Issues and Problems with this dataset:
1. Adjudication Delays:
  - The adjudication process can take several months, during which scores and grades may be revised. Current scores may not be final and are subject to change upon the completion of adjudication.
2. Discrepancies between SCORE and GRADE:
  - They should be consistent but because of limitations in data system they may be not. Expected corresponding grades for scores (A for 0-13, B for 14-27, C for 28+) might not always match.
  - When initial inspections are adjudicated down to an A score, no grade is assigned until the re-inspection, which is why an accompanying grade might be absent.
  - Example: a grade card was given out but the record of that grade issuance is missing from the data system even if SCORE is populated
Convert Datatype:
- numeric to char: BIN, BBL, Community Board
- char to date: GRADE DATE, RECORD DATE, INSPECTION DATE
Source:
- New York City Department of Health and Mental Hygiene (DOHMH)
  - www.nyc.gov/health/foodservice
- Blue Book provided by NYC (DOHMH)
  - http://www1.nyc.gov/assets/doh/downloads/pdf/rii/blue-book.pdf

2.2 Research Plan

Note that there are a lot of NA values in variable GRADE, variable SCORE (inspection score) would be mainly used for this project, and variables that will not be used are going to be dropped in the results.qmd file. To begin with, for background information for the main research questions of the project, CUISINE DESCRIPTION (type of food served) will be visualized on the NYC map to find if there are specific cuisines are located on specific cities or BORO (borough) more than other cuisines.

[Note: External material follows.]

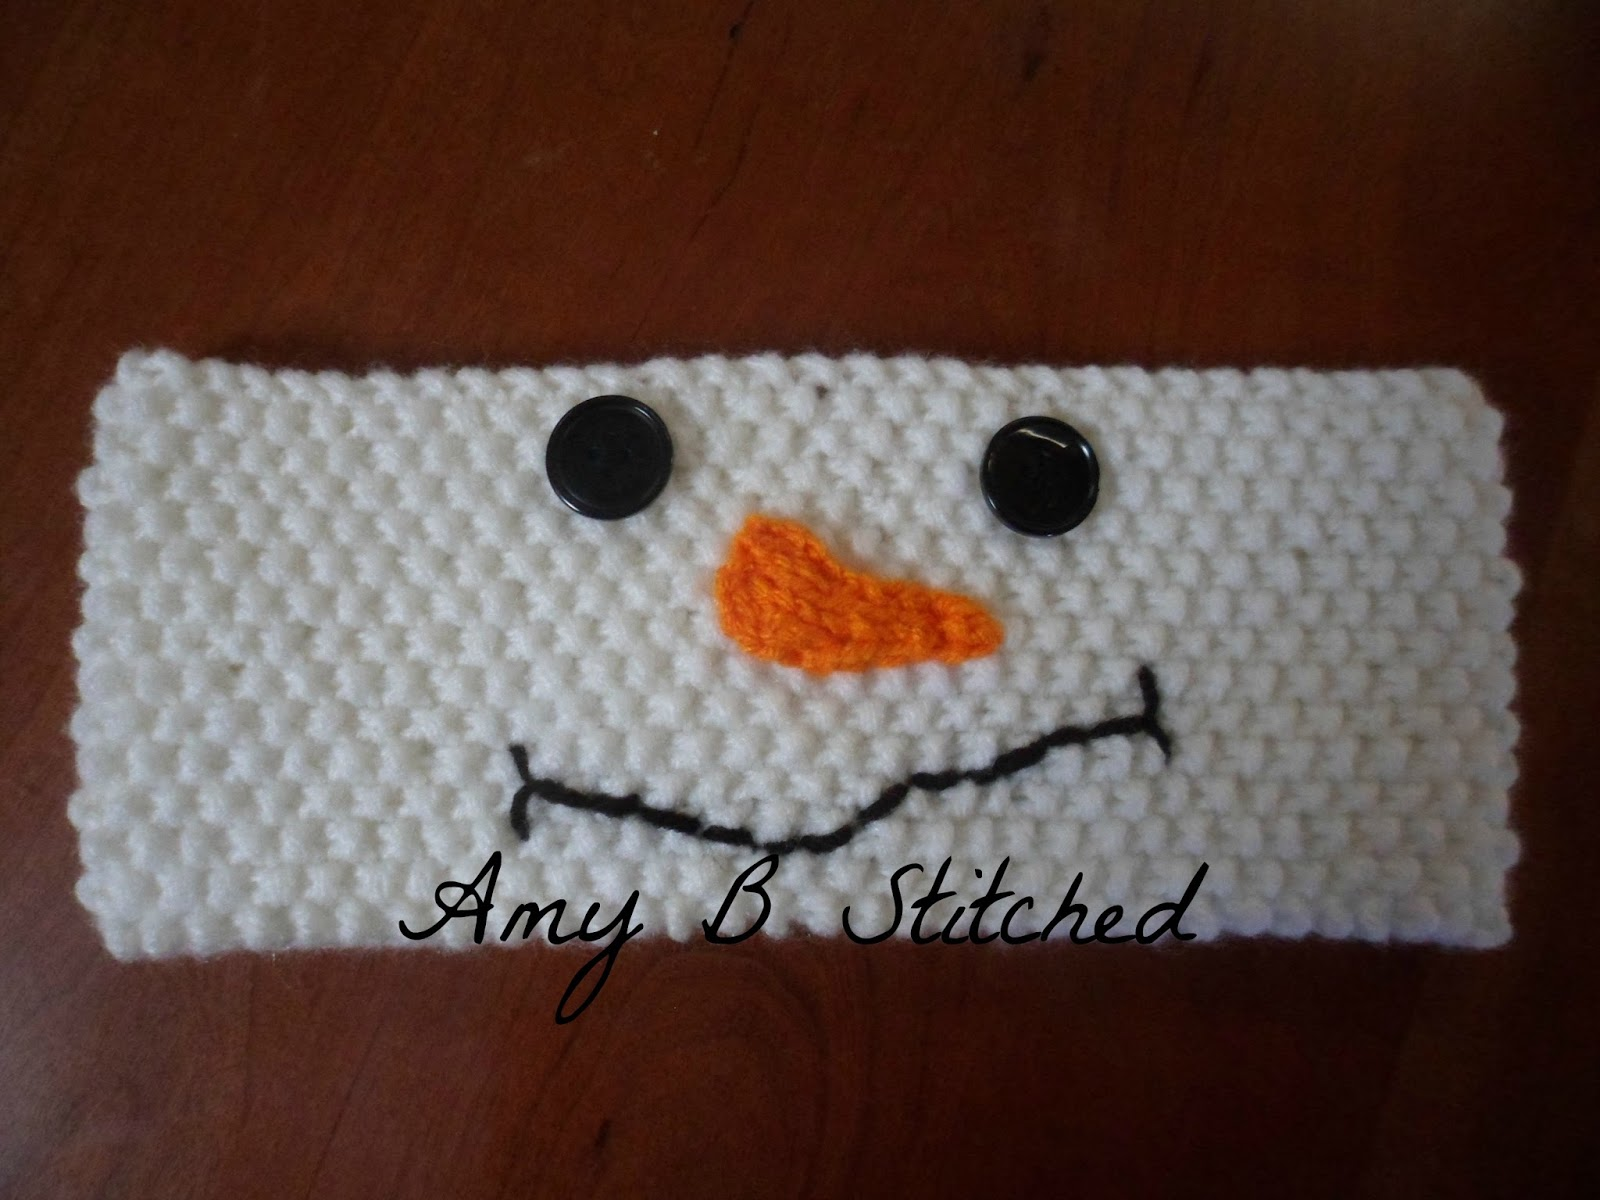 A Stitch At A Time for Amy B Stitched: Mr. Snowman Headband FREE ...

The first main question of this project is finding relationship between inspection scores and locations. Variables such as BORO (borough), STREET, Latitude, and Longitude represent the location of each restaurant. The main focus would be finding relationship between BORO (borough) and SCORE (inspection score)/CRITICAL FLAG (whether the violation is critical or not). The inspection scores will be visualized on the NYC map by BORO (borough). After that, for a more detailed analysis, we would work visualize certain restaurants by Latitude and Longitude with their scores. For example, restaurants with good scores on the map and restaurants with bad scores or whose CRITICAL FLAG is critical can be visualized on the map.

Another main question of this project is finding relationship between inspection scores and cuisines by using variables CUISINE DESCRIPTION (type of food served) and SCORE (inspection score). We expect to find meaningful patterns such as specific cuisines have good or bad inspection scores. Other than the inspection scores, we would try finding a pattern between cuisines and specific VIOLATION DESCRIPTION/VIOLATION CODE to get a detailed information about violations. We also expect to find if certain cuisines have certain violations more than other cuisines.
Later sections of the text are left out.